Received: April 30, 2021
Peer-review started: April 30, 2021
First decision: June 23, 2021
Revised: July 7, 2021
Accepted: August 25, 2021
Article in press: August 25, 2021
Published online: September 21, 2021
Research background

Interest in medical applications of artificial intelligence (AI) has steeply risen in the last few years. As one of the most obvious beneficiaries of the advances in computer vision, radiology research has also put AI in a prominent position. Convolutional neural networks are the state-of-the-art methods used in computer vision. Focal liver lesions (FLLs) are common findings during imaging, which can best be evaluated via hepatocyte-specific contrast-enhanced magnetic resonance imaging (MRI).

Research motivation

Though convolutional neural networks are widely used for medical image research purposes, the effect of input, such as data dimensionality and the effect of multiple input channels, has not yet been widely examined in this area. MRI volumes presumably hold more complex information about each lesion; as such, three-dimensional inputs may be more difficult to process and properly use for classification tasks in comparison to two-dimensional axial slices. The combination of multiple MRI sequences in addition to the use of hepatocyte-specific contrast agents (HSAs) may also affect diagnostic accuracy.

Research objectives

Our research aimed to compare two- and three-dimensional DenseNets264 networks for the multi-phasic hepatocyte-specific contrast-enhanced MRI-based classification of FLLs.

Research methods

T2-weighted, arterial phase, portal venous phase, and hepatobiliary phase volumes of focal nodular hyperplasias, hepatocellular carcinomas and liver metastases were used to train the two models.
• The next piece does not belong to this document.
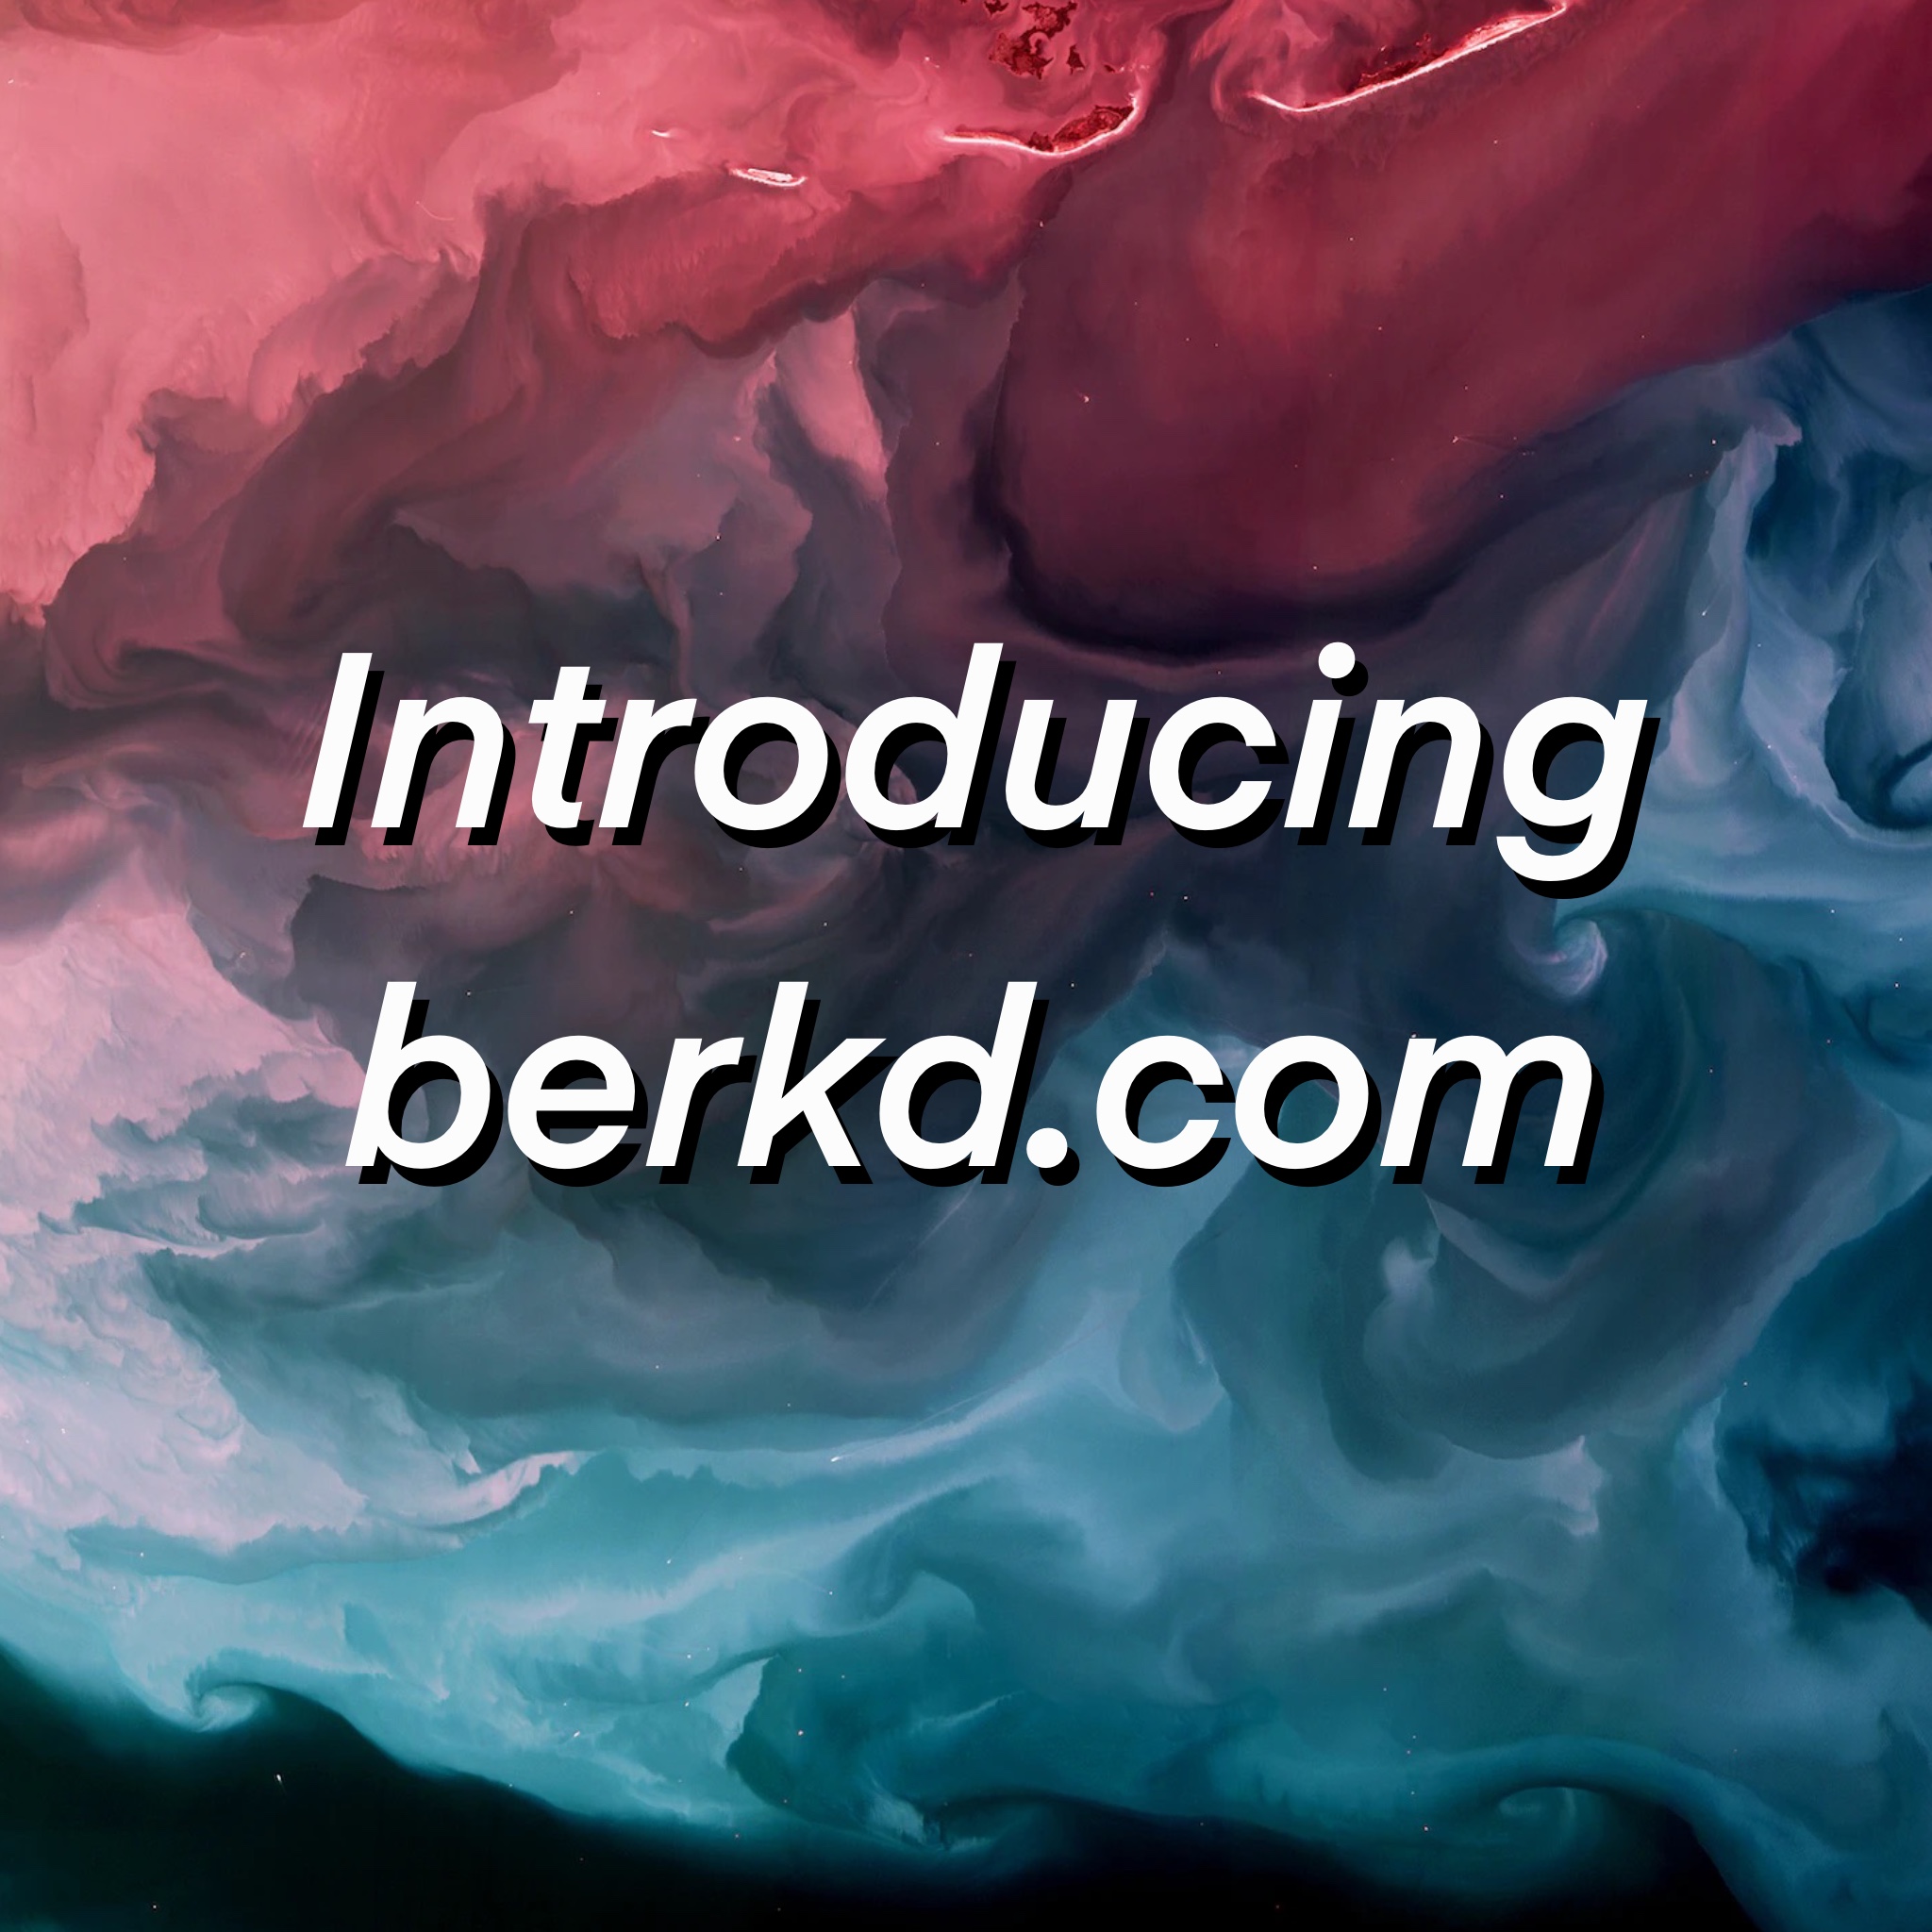 Blog transitioning to “berkdogan.com”

Diagnostic performance was evaluated on an independent test set, based on area under the curve, positive and negative predictive values (NPVs), sensitivity, specificity and f1 score.

Research results

The study found that via the use of either two- or three-dimensional convolutional neural networks and the combination of multiple MRI sequences, the average area under the curve, sensitivity, specificity, NPV, positive predictive value and f1 scores of comparable level can be achieved.

Research conclusions

According to our findings, two- and three-dimensional networks can both be used for highly accurate differentiation of multiple classes of FLLs by combining multiple MRI phases and using HSAs.

Research perspectives

This study’s findings can help to clarify the potential applicability of two- and three-dimensional multi-channel MRI images for the convolutional neural network-based classification of FLLs using HSAs.